# How do you figure out wear someone shops or bought something?



## hnaoto (Jan 10, 2010)

I live in MA, it's easy to see where someone shops because we have all the same stores, everyone seems to dress the same and copy off eachother or the mannequins in stores lol (not saying everyone is the same... but there's the girls who wear preppy Hollister/Abercrombie... "nicer" clothes like Express/Macys... trendy Pac Sun/Hot Topic... etc, you get the point. 

It's rare to see someone wearing something "different" and i often get accused of "where the eff does that girl shop, i don't understand where she found a jacket like that, blah blah blah" yes people are extremely negative/jealous too because they don't know how to take day drips to big cities or shop online.

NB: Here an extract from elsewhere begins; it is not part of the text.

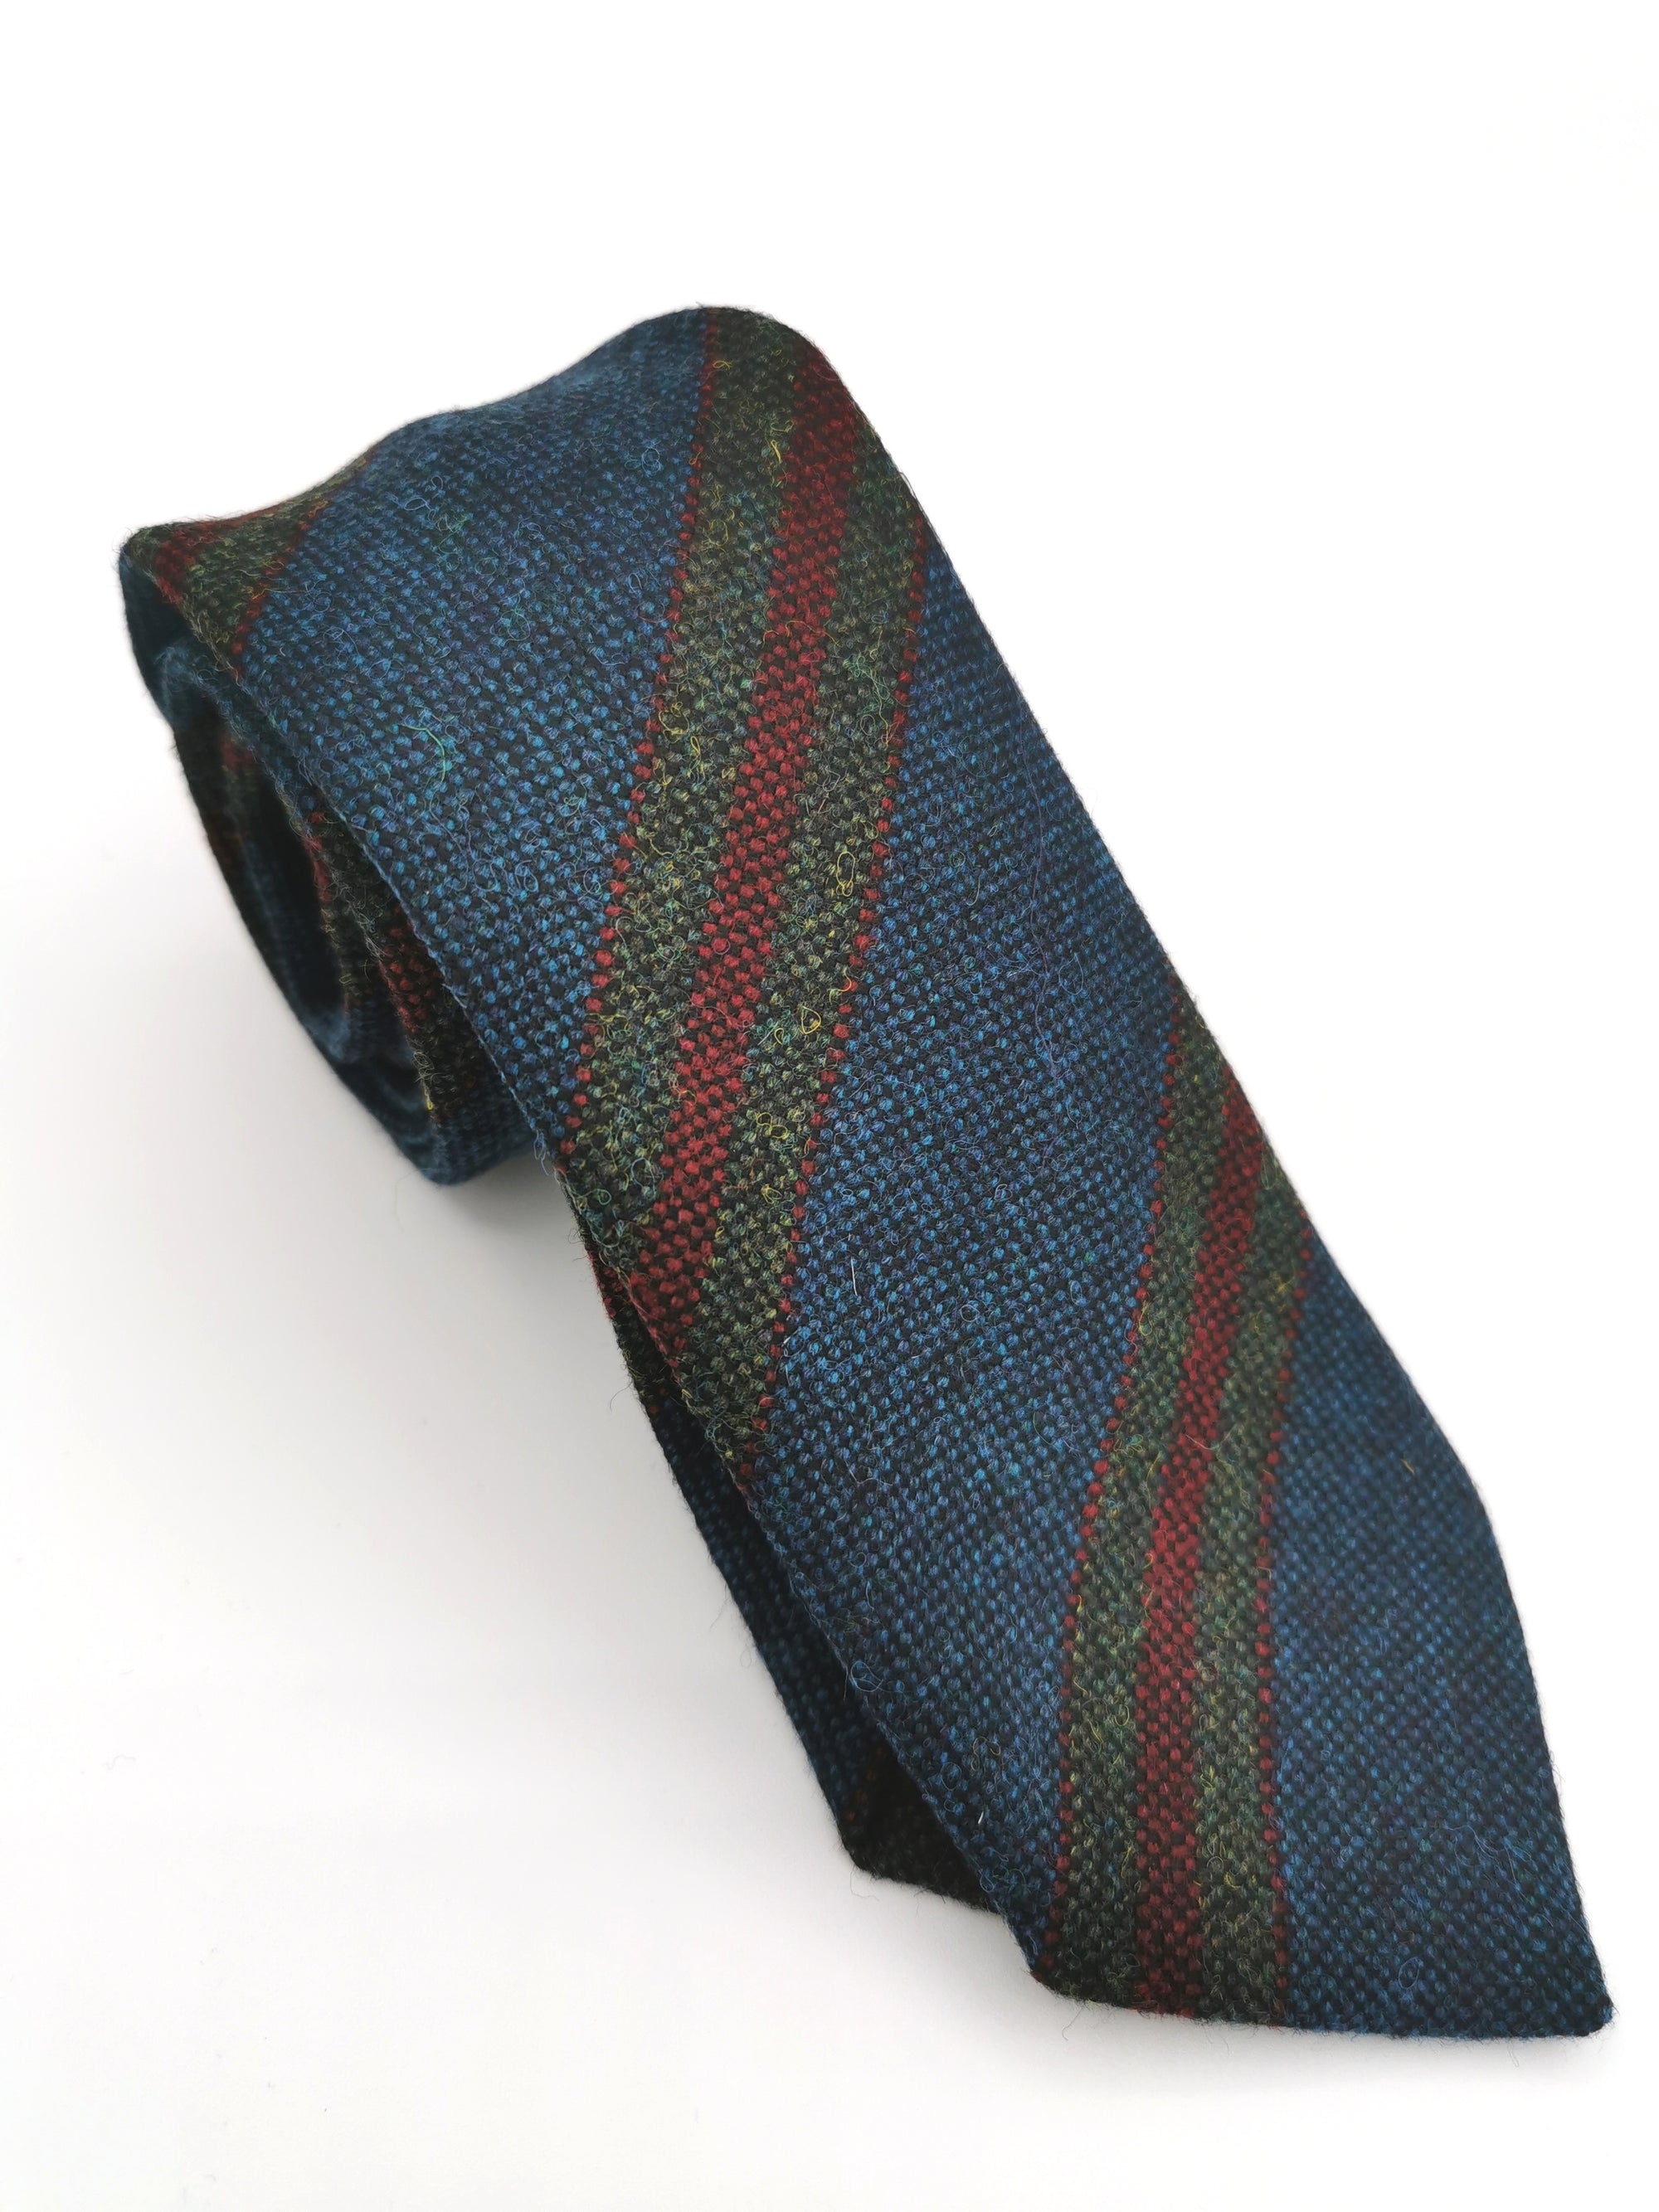 Ferala Turquoise Blue Striped Wool Tie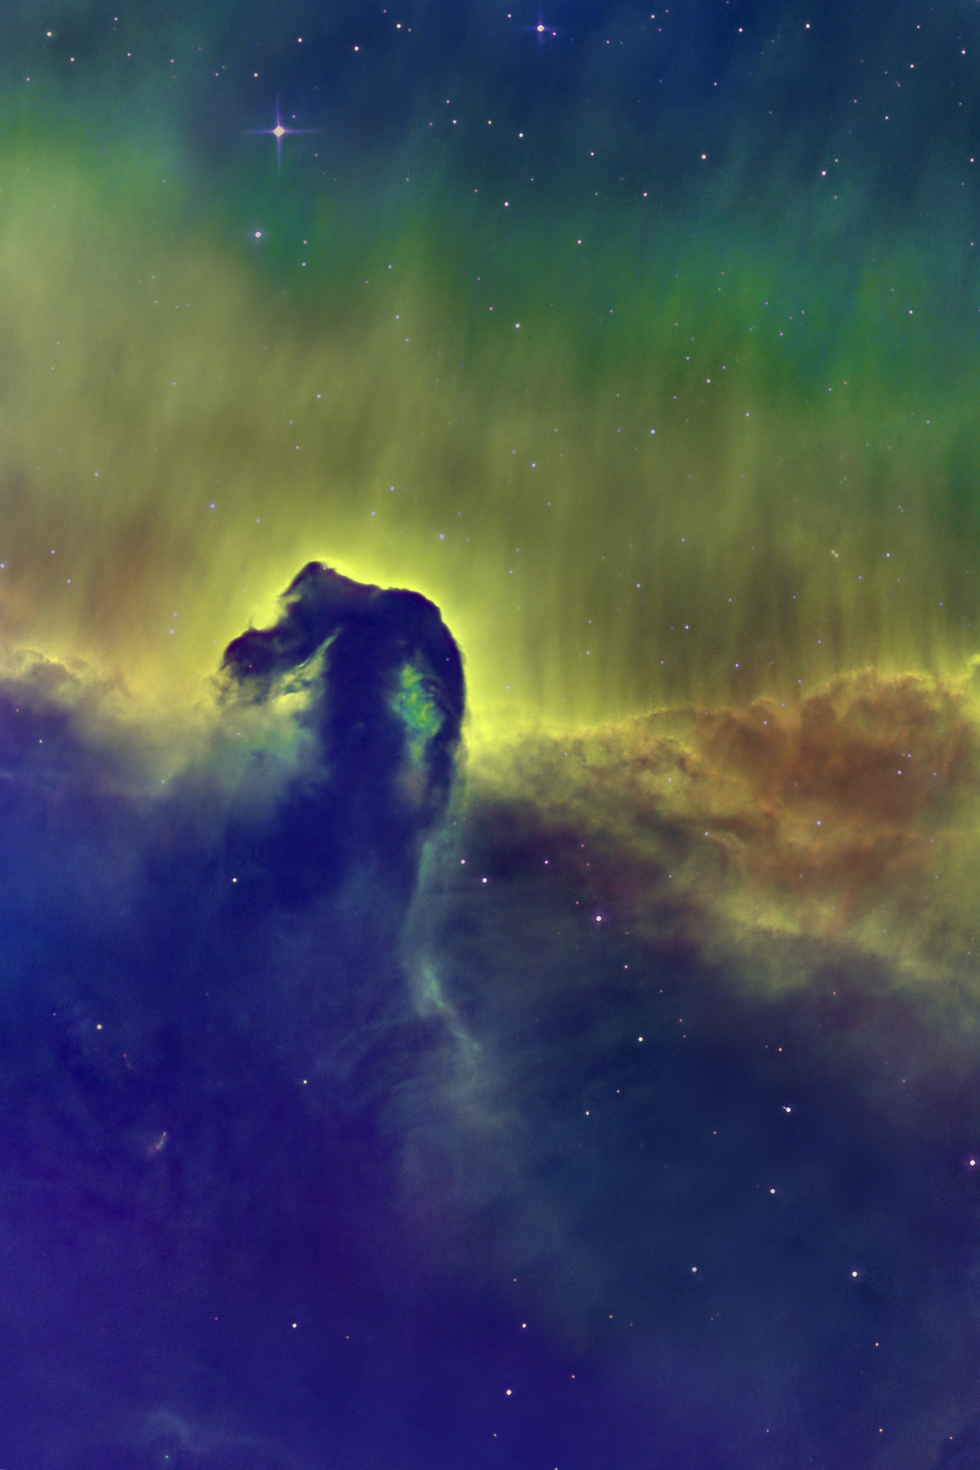 B33 Horsehead Nebula

Anyway there's a girl i work with who dresses up every single day, i CAN NOT figure out where she gets her shoes. She was wearing these ridiculously cute sparkley leopard print wedges (round toe i think, not open, not a sandle) the other day. Very Betsey Johnson.... or D&G but no one in my city could afford D&G unless they've been saving for a year for 1 pair of shoes.
She usually wears fur heeled boots that i've never really seen anywhere either yet she has at least 5 pairs of them. They all have the same style though: stiletto heel, fur covering the ENTIRE boot except the foot part, sometimes with stringy things around it. Something a Bebe girl would wear. 

Has anyone witnessed these shoes anywhere? I want in! I don't want to ask because i don't like her much and everytime she wears something flashy she's surrounded by the "slobbier" looking girls asking how she did this n that.


----------



## xsnowwhite (Jan 10, 2010)

I love the shoes that buckle has. I dont usually shop their but they have some extravagent looking shoes that i loveee. Ha i do that too, there are some people that i just want to hire as a stylist because i have no idea where they're finding this stuff.


----------



## Simply Elegant (Jan 10, 2010)

I get asked questions like that too. Sometimes at malls, online, local boutiques can have some great stuff too, clothing swaps, vintage clothing sales. They have a huge one once a year and the stuff is cute.


----------